Transcriptome Shotgun Assembly Sequence Database
What is the Transcriptome Shotgun Assembly (TSA) Database?
TSA is an archive of computationally assembled sequences from primary data such as ESTs, traces and Next Generation Sequencing Technologies. The overlapping sequence reads from a complete transcriptome are assembled into transcripts by computational methods instead of by traditional cloning and sequencing of cloned cDNAs. The primary sequence data used in the assemblies must have been experimentally determined by the same submitter. TSA sequence records differ from EST and GenBank records because there are no physical counterparts to the assemblies.
How Do TSA Sequence Records Differ from Other GenBank/EMBL/DDBJ Records?
The display of a TSA sequence is similar to other International Nucleotide Sequence Database Collaboration (INSDC) records, but includes the following:
- The label 'TSA:' at the beginning of each Definition Line.
-
DBLINK
- BioProject
- BioSample (optional)
- Sequence Read Archive
- Keywords: TSA; Transcriptome Shotgun Assembly
- Assembly data
- Comment describing the assembly if from a multi-step process.
Other Features and References are similar to those displayed in regular GenBank/EMBL/DDBJ records.
An example of a TSA submission is JU497302.
TSA sequence records are shared by all three INSDC databases and can be found using typical search methods in Entrez Nucleotide and Entrez Protein.
General Information
Nucleotide sequences must conform to the following standards:
- Submitted sequences must be assembled from data experimentally determined by the submitter.
- Screened for vector contamination and any vector/linker sequence removed. This includes the removal of NextGen sequencing primers.
- Sequences cannot be less than 200 bp.
- Sequences should have no more than 10% n's or greater than 14 n's in a row.
- The raw reads should be submitted to SRA and the SRA run accession (SRR) provided. Do not include SRA and SRX accession numbers.
- If the submission is a single-step, unannotated assembly and the output is a BAM file(s) these should be submitted as a TSA project to SRA.
Additional Requirements:
- Register your project in the BioProject database as a Transcriptome Shotgun Assembly project.
- An Assembly Data structured comment. Please see Creating the Structured Comment Table .

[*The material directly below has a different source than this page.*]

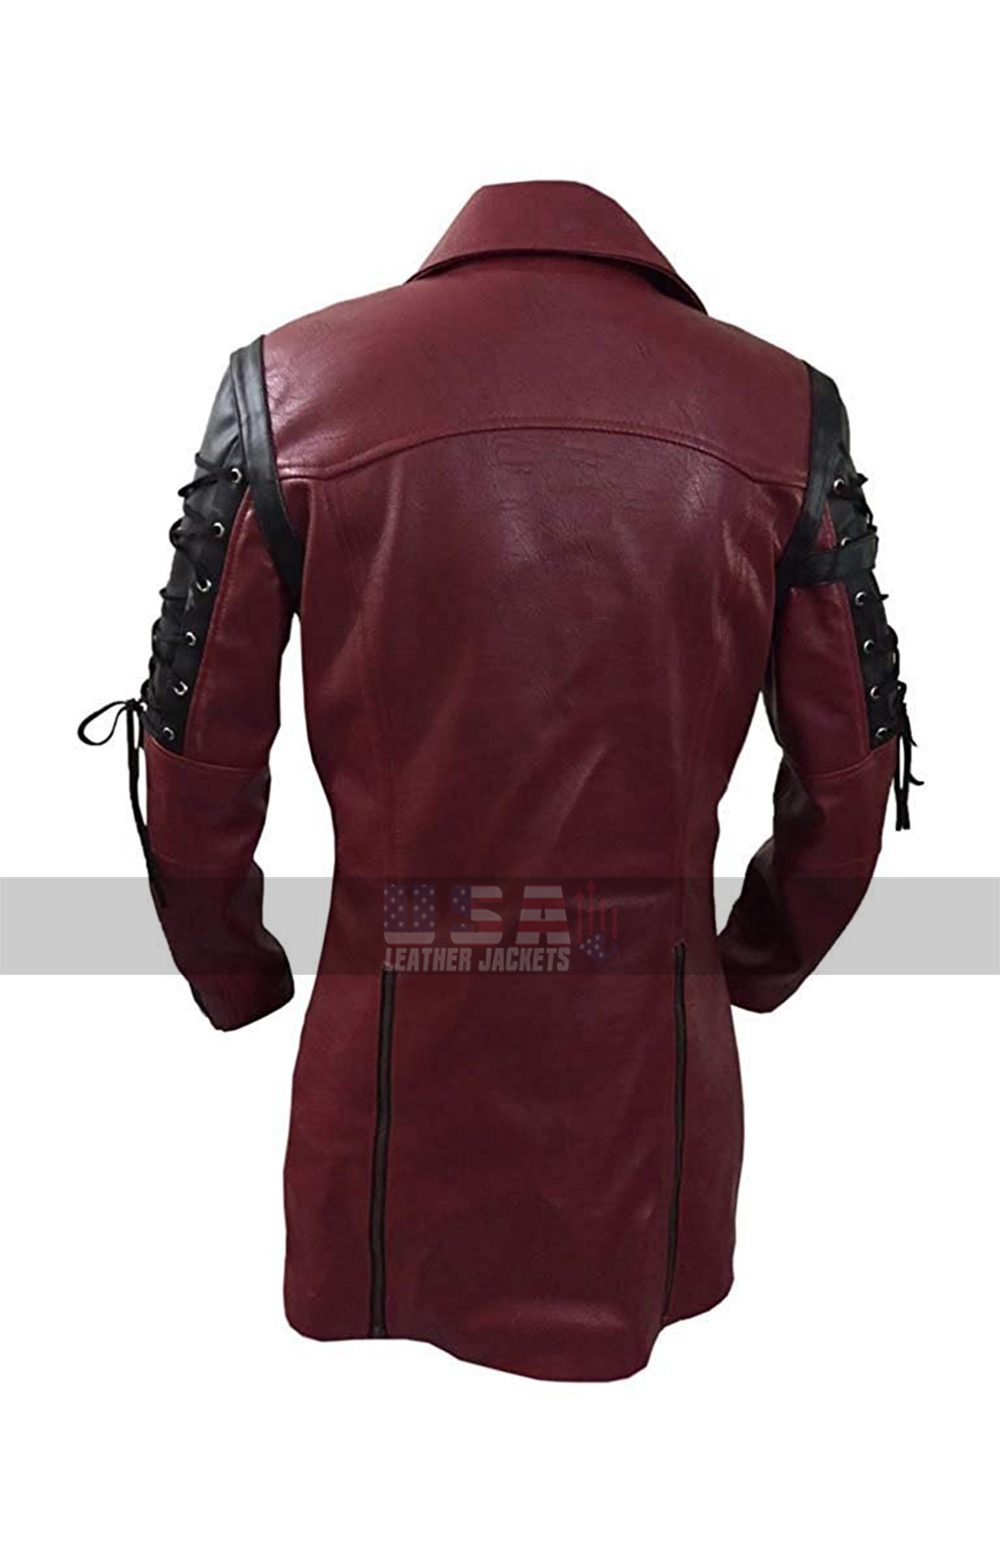 Gothic Steampunk Matrix Black And Maroon Leather Trench Coat

- Description of the assembly process if a multi-step assembly was performed.
- The library information for the primary data should be annotated on the Source Feature. Or the information should be submitted to BioSample and the BioSample accession provided.
- If annotation is provided the product names should follow the UniProt-Protein Naming Guidelines.

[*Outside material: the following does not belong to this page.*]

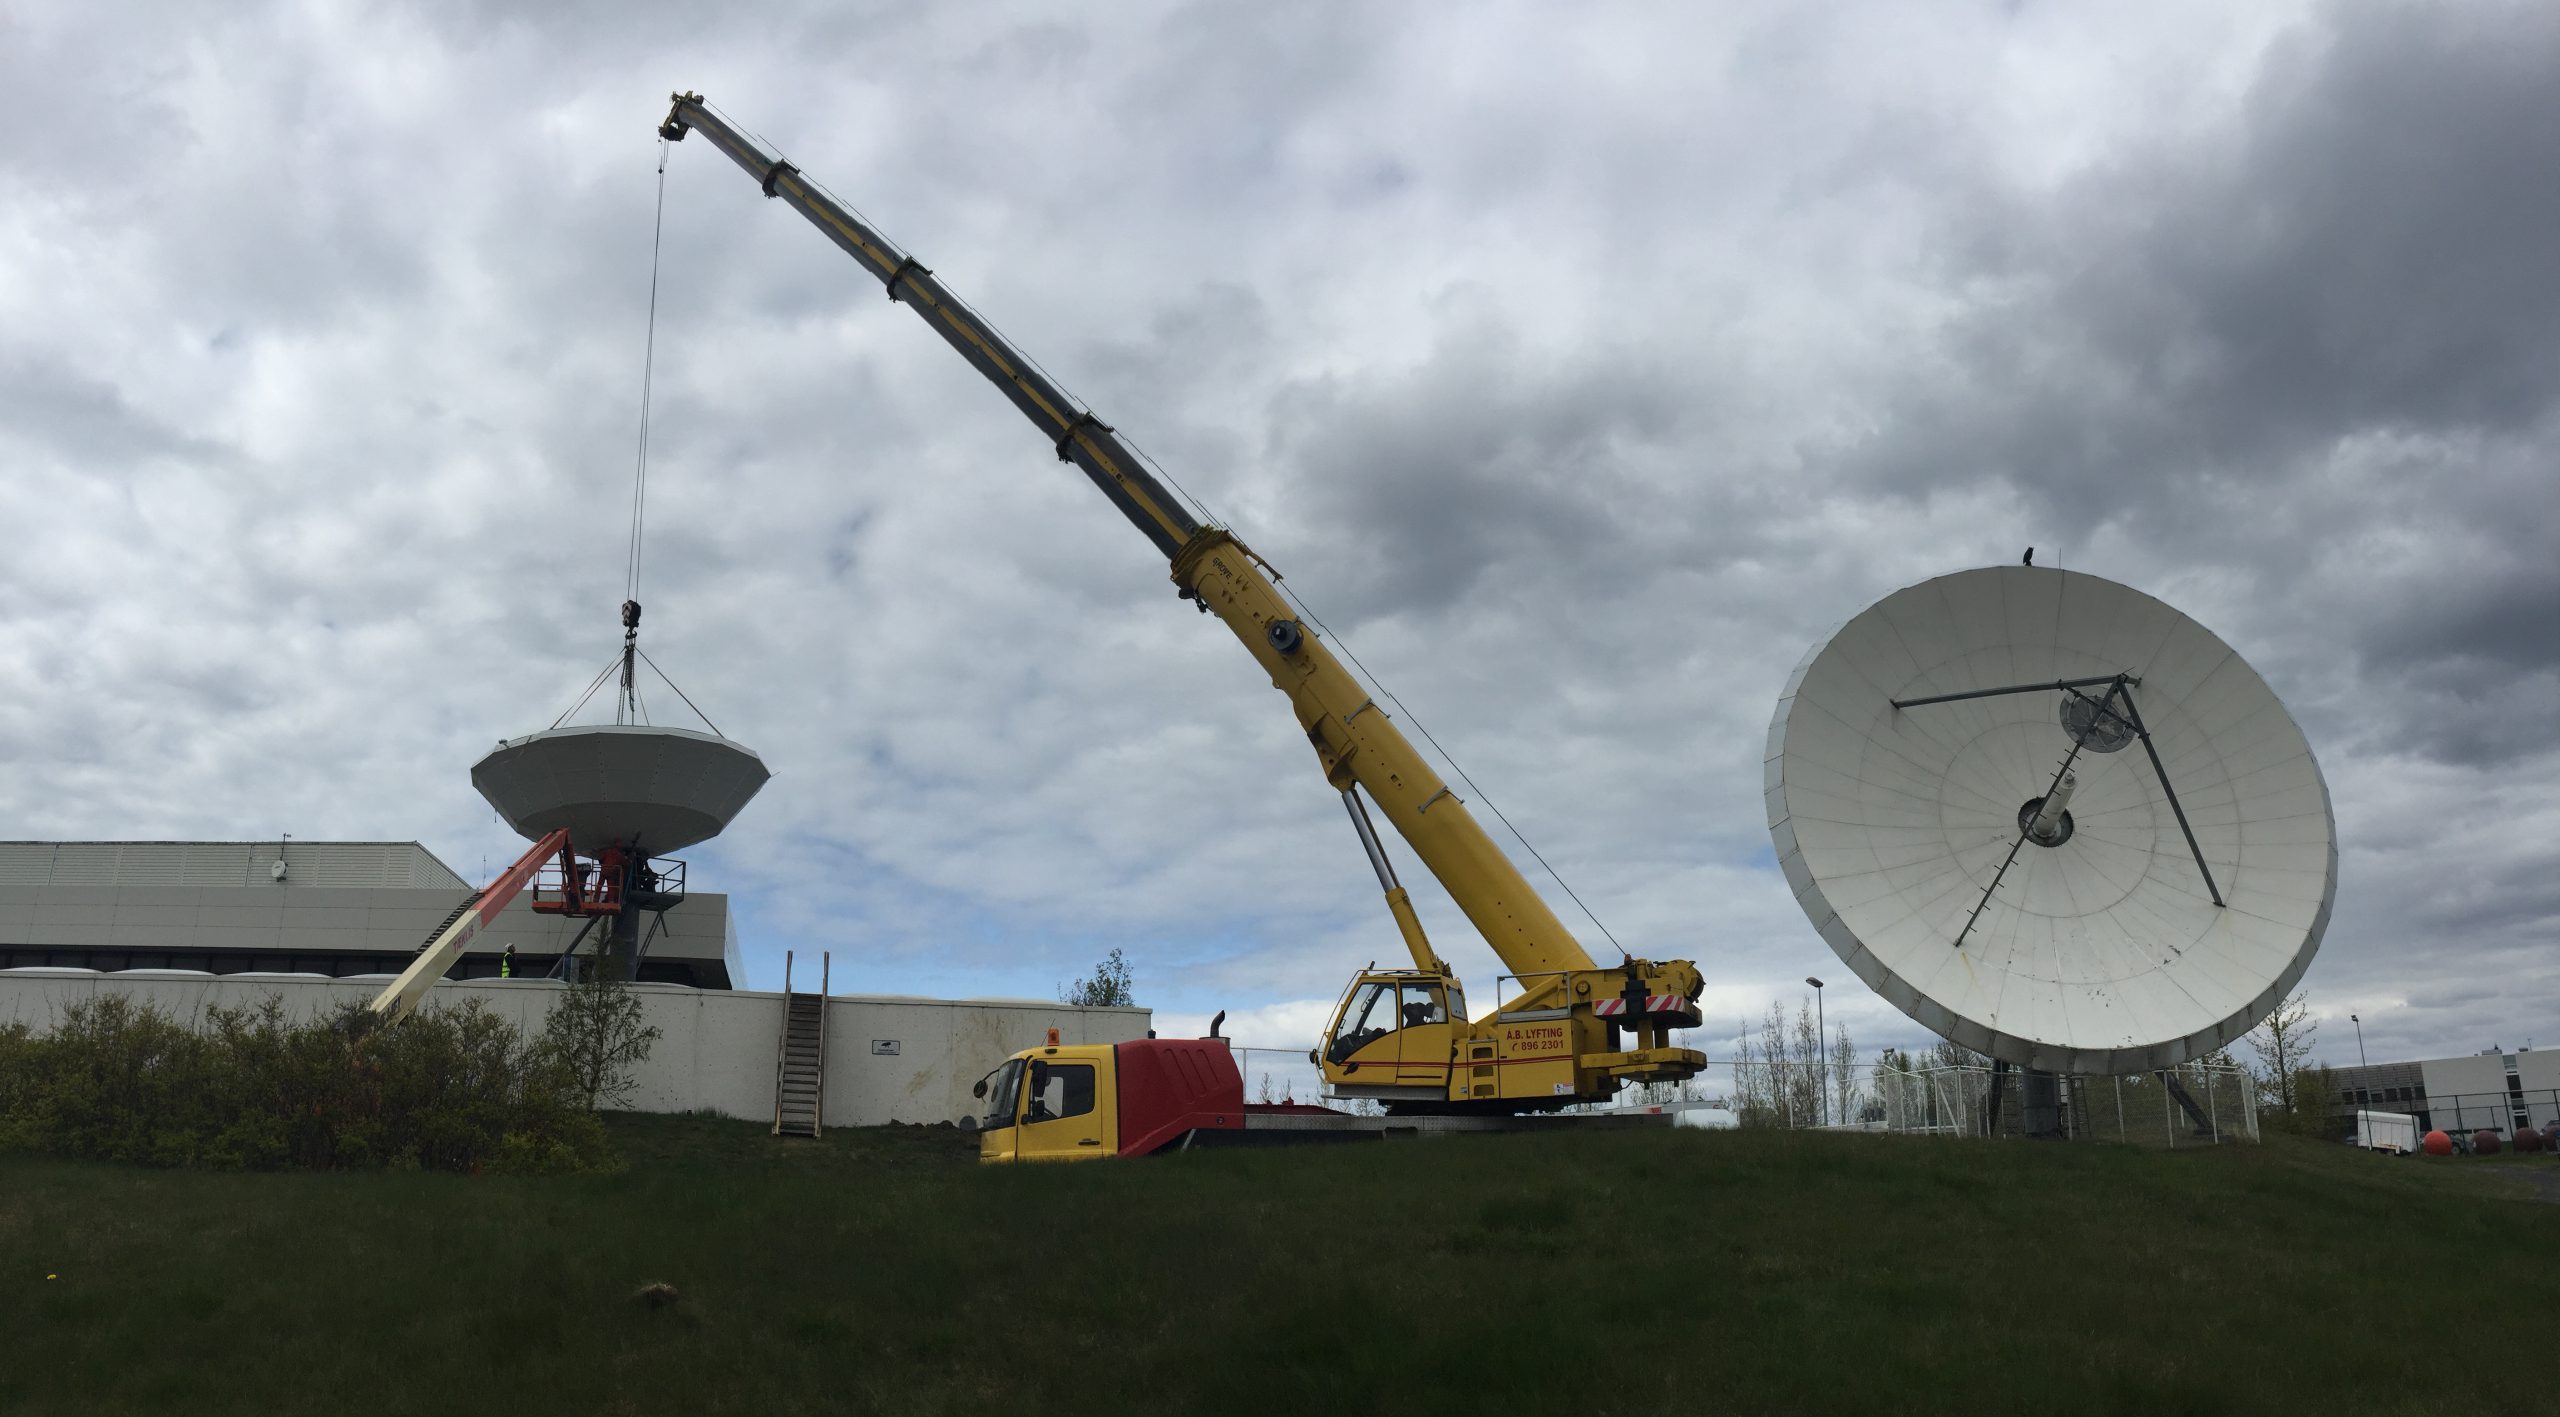 Skybrokers relocated a VertexRSI 8.1m Earth Station antenna for RÚV in Reykjavik, Iceland

Creating the submission file
Submission Process:
- The submission file can be generated using Sequin or tbl2asn.
- The sequin file(s) should be submitted using GenomesMacroSend . Select the TSA option on the submission form.
-
After uploading, write to gb-admin@ncbi.nlm.nih.gov with the following information:
- GDSub number from GenomesMacroSend
- Release date: Immediate Release OR Mon/Dd/Yyyy
Submission Tools:
Sequin
- Select "Use a Submission Wizard":TSA
-
There are dialogs to enter:
- Assembly data
- Assembly description
- BioProject
- SRR accession
- The wizard is not for large sets of sequences.
- One submission should not consist of multiple BioProjects.
tbl2asn
- tbl2asn reads a template.sbt along with the sequence and table files, and outputs ASN.1 for submission to GenBank.
fasta defline components:
- [moltype=mRNA]
- [tech=TSA]
- [bioproject=PRJNAXXXX1]
- [SRA=SRRXXXXX1]
- [biosample=SAMNXXXXXXX1]
| -w assembly.cmt |
Import assembly data See Creating the Structured Comment Table for more information. |
| -Y | Import assembly comment |
| -M t | argument includes standard validator and additional TSA checks |
Sample command line:
tbl2asn -t template.sbt -p. -a s -w assembly.cmt -Y comment -M t
Creating the Structured Comment Table
The structured comment table is a single tab-delimited table that includes the tag-value pairs that are to be applied to all of the sequences in your submission. For TSA records the Assembly Method (with version and/or year if available) and Sequencing technology must be included. Coverage is optional.
If you are using tbl2asn, generate the table to import using the Structured Comment page.
- If you choose the save option the table will automatically be saved as assembly.cmt. If you are saving multiple tables with different options you will need to change the name of the file for each structured comment.
- If you use the open option you will generate a table in the browser window that will need to be copied and saved.
An example table:
| StructuredCommentPrefix | Assembly |
| Assembly Method | Newbler 2.0 |
| Coverage | 220x |
| Sequencing Technology | 454; Solexa |
Should not be submitted to TSA
- Assemblies from sequences not directly sequenced by the submitter.
- Clonal based assemblies. These should be submitted to GenBank.
- Sequences assembled by inserting Ns to represent the gaps.
- A single assembly from multiple organisms.